Because I want something easier to manage. Setting up a raw Linux firewall using just nftables was cool, but feels a bit like this cobbled together mess especially after I added Pi-Hole to the mix, and I just want to try a proper router distro now.

OpenWRT

OpenWRT is mainly targeted toward embedded devices like the old router you might have laying around at home, but it can actually be installed on regular x86_64 PC Hardware too. There’s no proper installer though, you need to download an .img then dd that on to you the hard drive you want to install OpenWRT on. After that you will need to resize the root partition to fill the rest of your hard drive.

Check out the official docs here.

Installation

dd if=openwrt-21.02.0-x86-64-generic-ext4-combined.img bs=1M of=/dev/sdX and then you’re done. That’s it. Well almost, you need to expand the root filesystem. You should also probably install additional firmware.
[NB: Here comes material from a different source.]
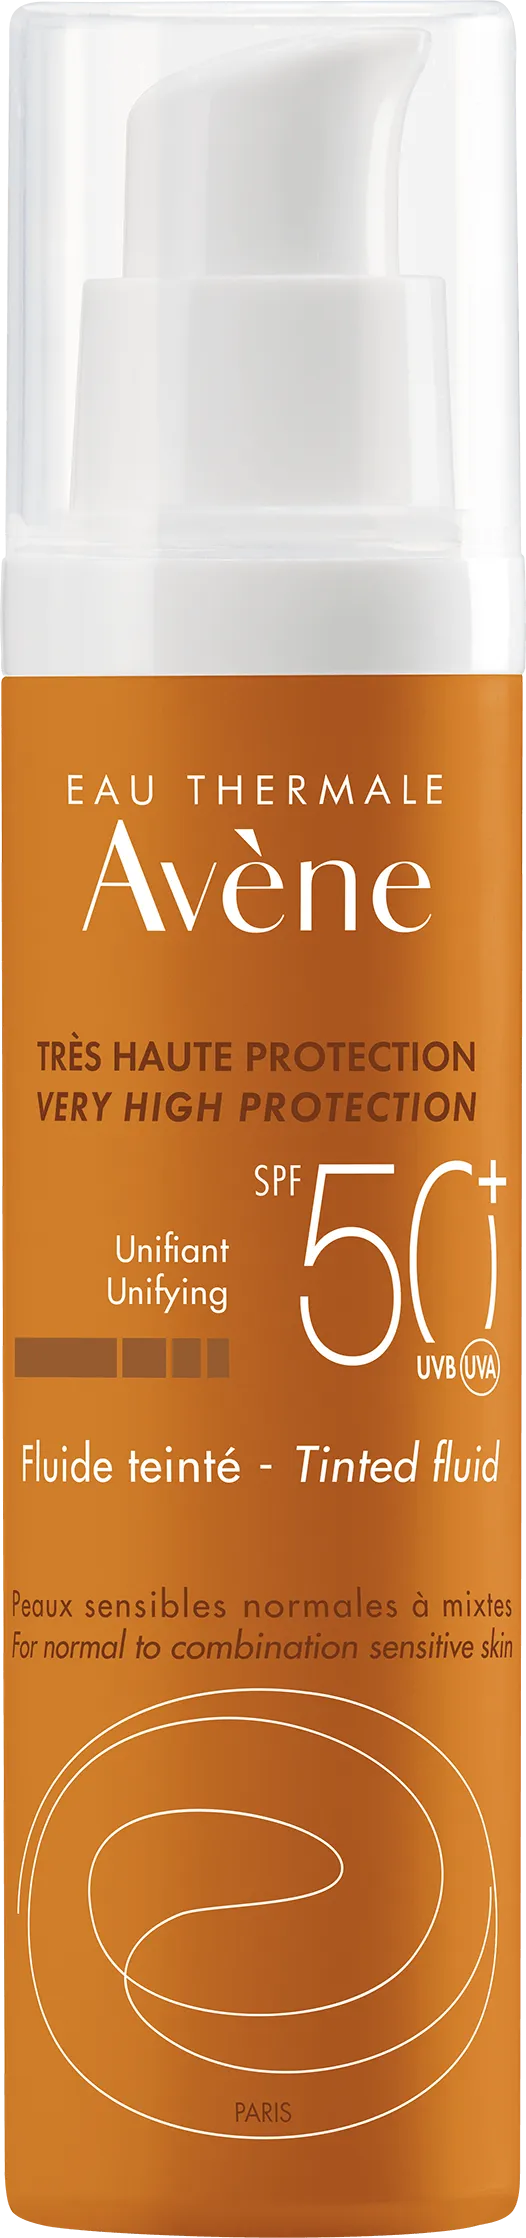 Avene Sun, fluid koloryzujący, bardzo wysoka ochrona przeciwsłoneczna,  SPF 50+,  50 ml

Thankfully, resizing the root filesystem is super easy:

# Install packages
opkg update
opkg install parted
 
# Identify disk name and partition number
parted -l -s
 
# Expand root partition
parted -f -s /dev/sda resizepart 2 100%
 
# Apply changes
reboot

To resize the partition, and then:

# Install packages
opkg update
opkg install losetup resize2fs
 
# Map loop device to root partition
losetup /dev/loop0 /dev/sda2 2> /dev/null
 
# Expand root filesystem
resize2fs -f /dev/loop0
 
# Apply changes
reboot

To resize the filesystem.

Thoughts

It’s pretty cool so far. As much as I like being neckbeard commandline warrior having a GUI to easily visually everything and see who’s connected to the network and metrics is pretty nice. I also still have the TP Link router also with OpenWRT on it which I will continue to use as a WAP.